Chapter 12 in federal bankruptcy code is intended for family farms or fishing operations to pay off debt in three to five years.

It originally was created to help farmers during the Great Depression, but expired in the 1950s. U.S. Sen. Chuck Grassley, a New Hartford farmer, helped bring Chapter 12 back in 1986.

The nearly 5,000 farm bankruptcies over the past 10 years are less than a quarter-percent of all farm operations in the United States, the Farm Bureau reported.

In Iowa’s Northern District, which covers the top half of the state, there were 24 Chapter 12 bankruptcies in 2020, up from 20 the previous year.

The Southern District had 10, up from seven in 2019.

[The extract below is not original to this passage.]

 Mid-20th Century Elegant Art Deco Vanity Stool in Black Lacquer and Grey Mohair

A higher bankruptcy toll in the northern district is partly a factor of more farms there, but it also indicates the struggles for dairy farms, concentrated in the northeast and northwest corners of the state, Hart said.

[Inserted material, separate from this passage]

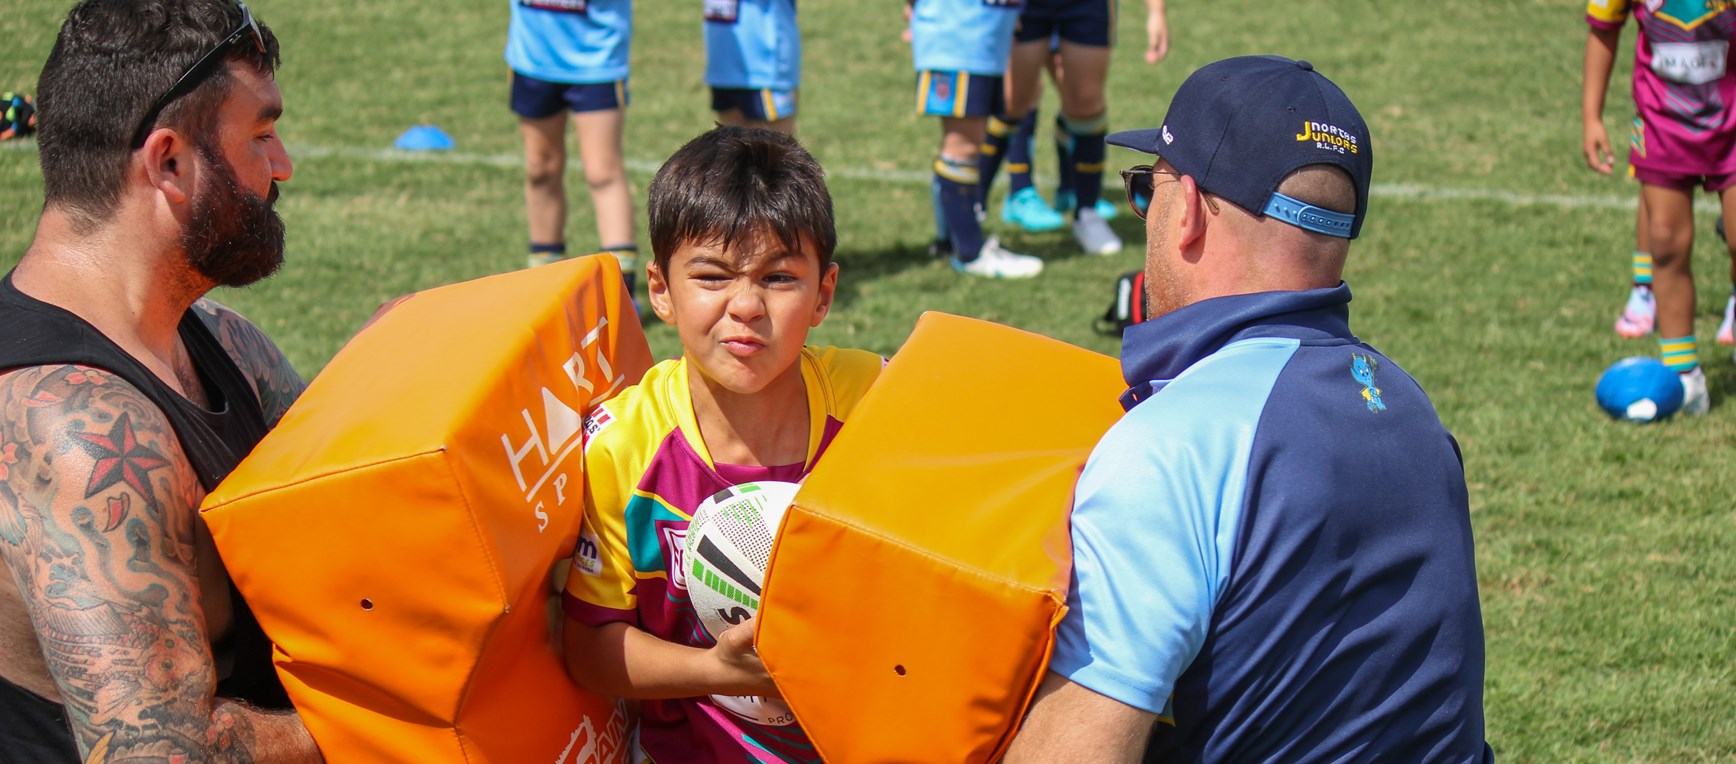 In pictures: Tackle Ready Under 7 gala day

A nationwide surplus of milk drove down prices in 2017 and 2018.

“When Wisconsin lights up, that tells you this is a dairy story,” Hart said.

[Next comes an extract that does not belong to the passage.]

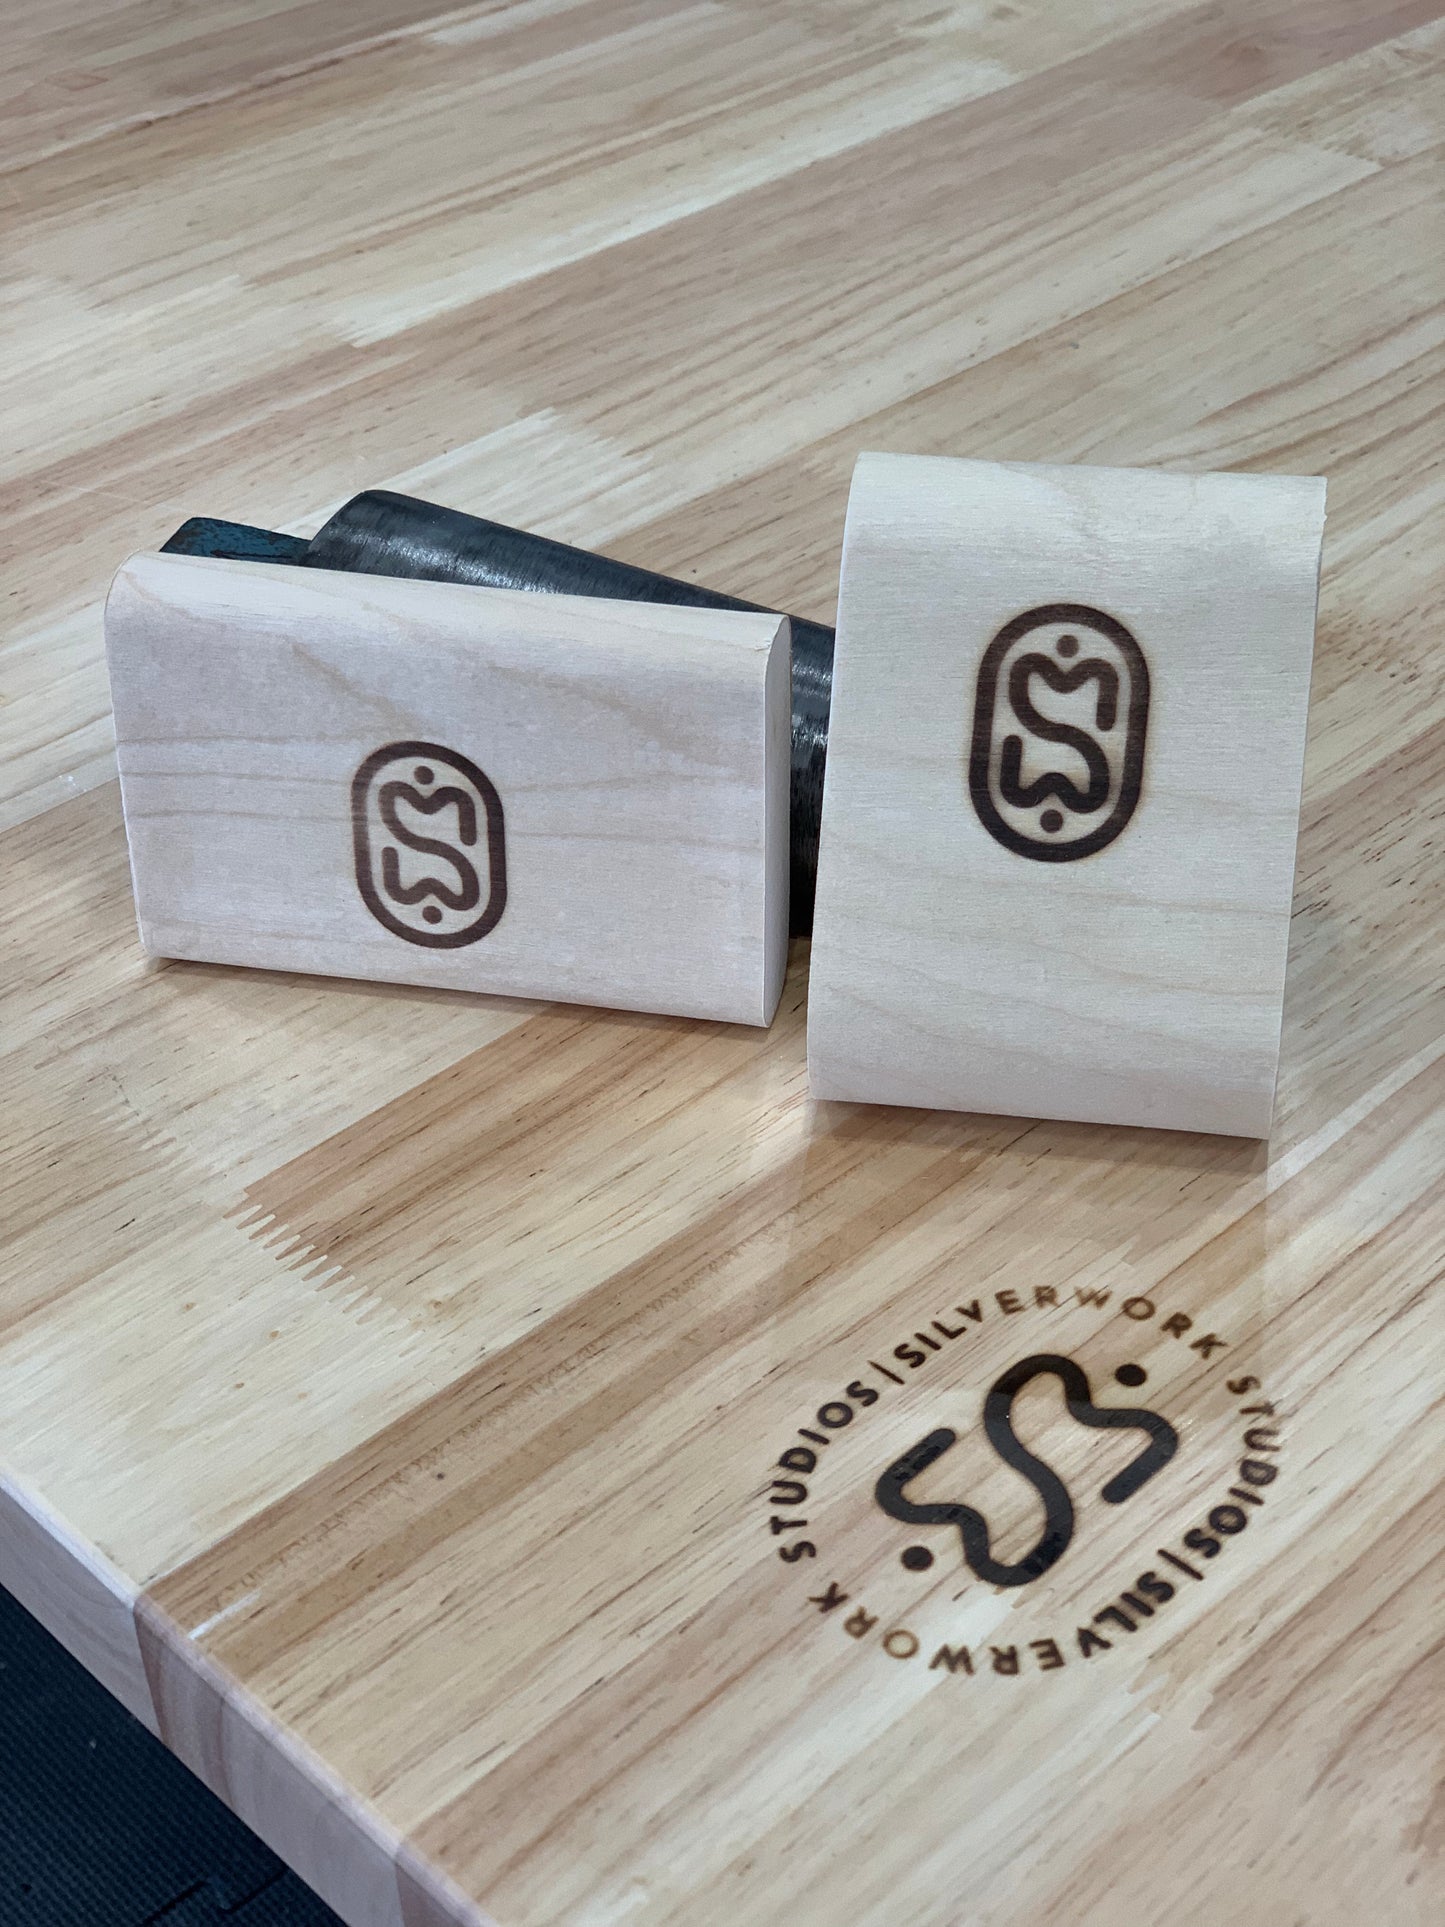 Branded gift boxes

Former Jones County dairy farmer Joel Kurtenbach was forced in December to sell his farm as part of bankruptcy proceedings in Iowa’s Northern District.

Kurtenbach had farmed the nearly 700-acre tract for 25 years, most of that time running a dairy operation. But when milk prices fell, he lost his contracts.

He tried briefly to switch to raising cattle for beef, but could not get financing in time to hold off the sale.